$$\begin{vmatrix}
a^2+\lambda^2 & ab+c\lambda & ca-b\lambda \\
ab-c\lambda & b^2+\lambda^2& bc+a\lambda\\
ca+b\lambda & bc-a\lambda & c^2+\lambda^2
\end{vmatrix}.\begin{vmatrix}
\lambda & c & -b\\
-c& \lambda & a\\
b & -a & \lambda
\end{vmatrix}=(1+a^2+b^2+c^2)^3.$$
Then value of $\lambda$ is
options:: (a)$\; 8\;\;$ (b) $\; 27\;\;$ (c)$ \; 1\;\;$ (d) $\; -1\;\;$
actually as I have seen the question.

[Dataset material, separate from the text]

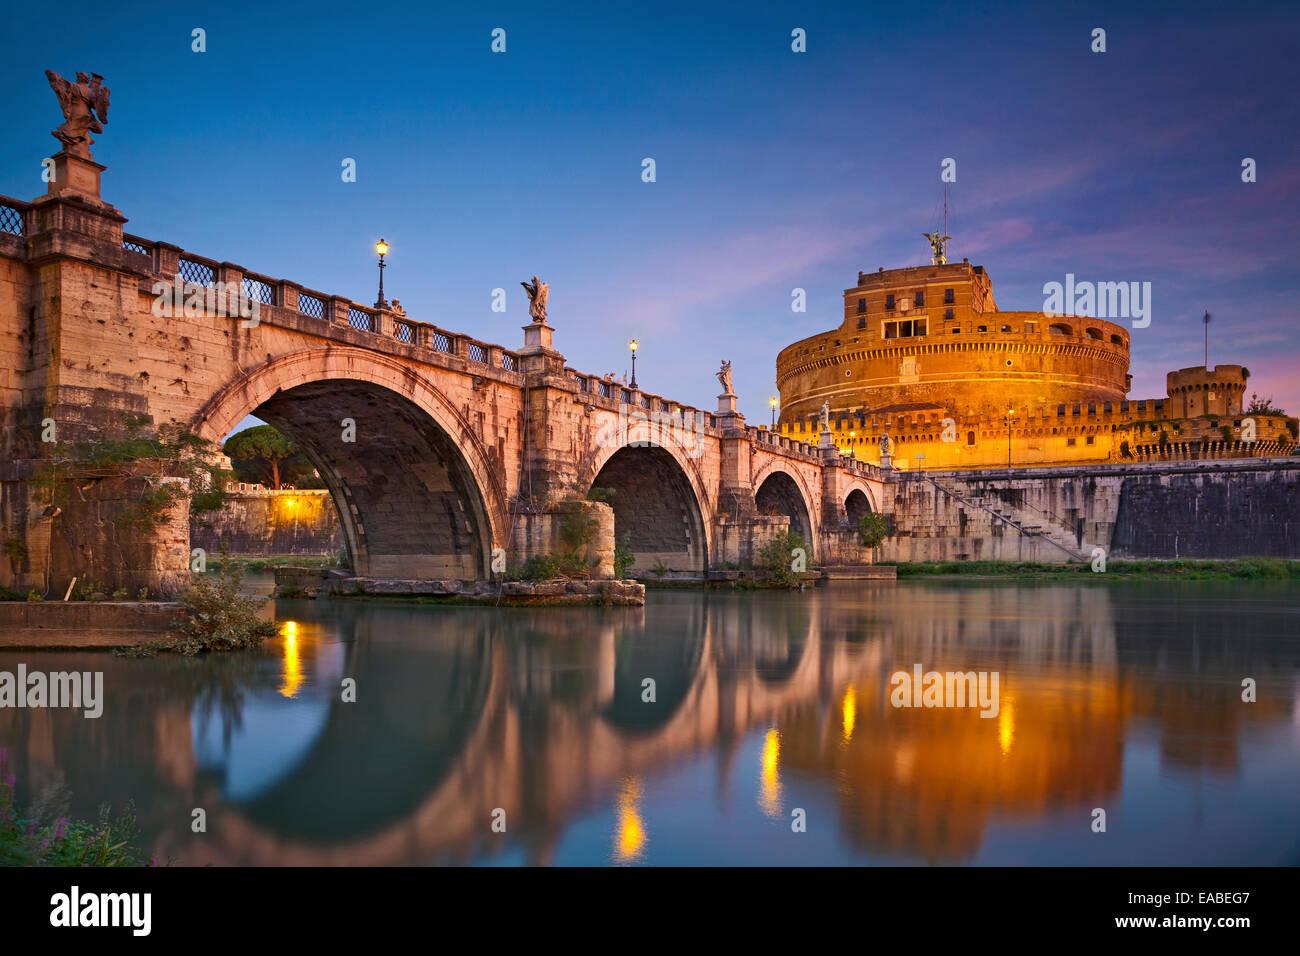 Roma. Imagen de el Castillo del Santo Ángel y Santo Ángel Puente sobre el río Tíber en Roma Imagen De Stock

Then I used Multiply these two determinant. but This is very tidious task.
So I want a better Method by which we can easily calculate value of $\lambda$.
So please explain me in detail.
Best Answer
I am not sure this is the best way, but brute force leads to:
$$\lambda^3(\lambda^2 + a^2 + b^2 + c^2)^3 = (1+a^2+b^2+c^2)^3$$
It is very clear what $\lambda$ has to be.
The first determinant yields: $\lambda^2(a^2 + b^2 + c^2 + \lambda^2)^2.$
The second determinant yields: $\lambda(a^2 + b^2 + c^2 + \lambda^2).$
Maybe there is an easy way to take advantage of the second determinant with the RHS, but I am tired and do not see it.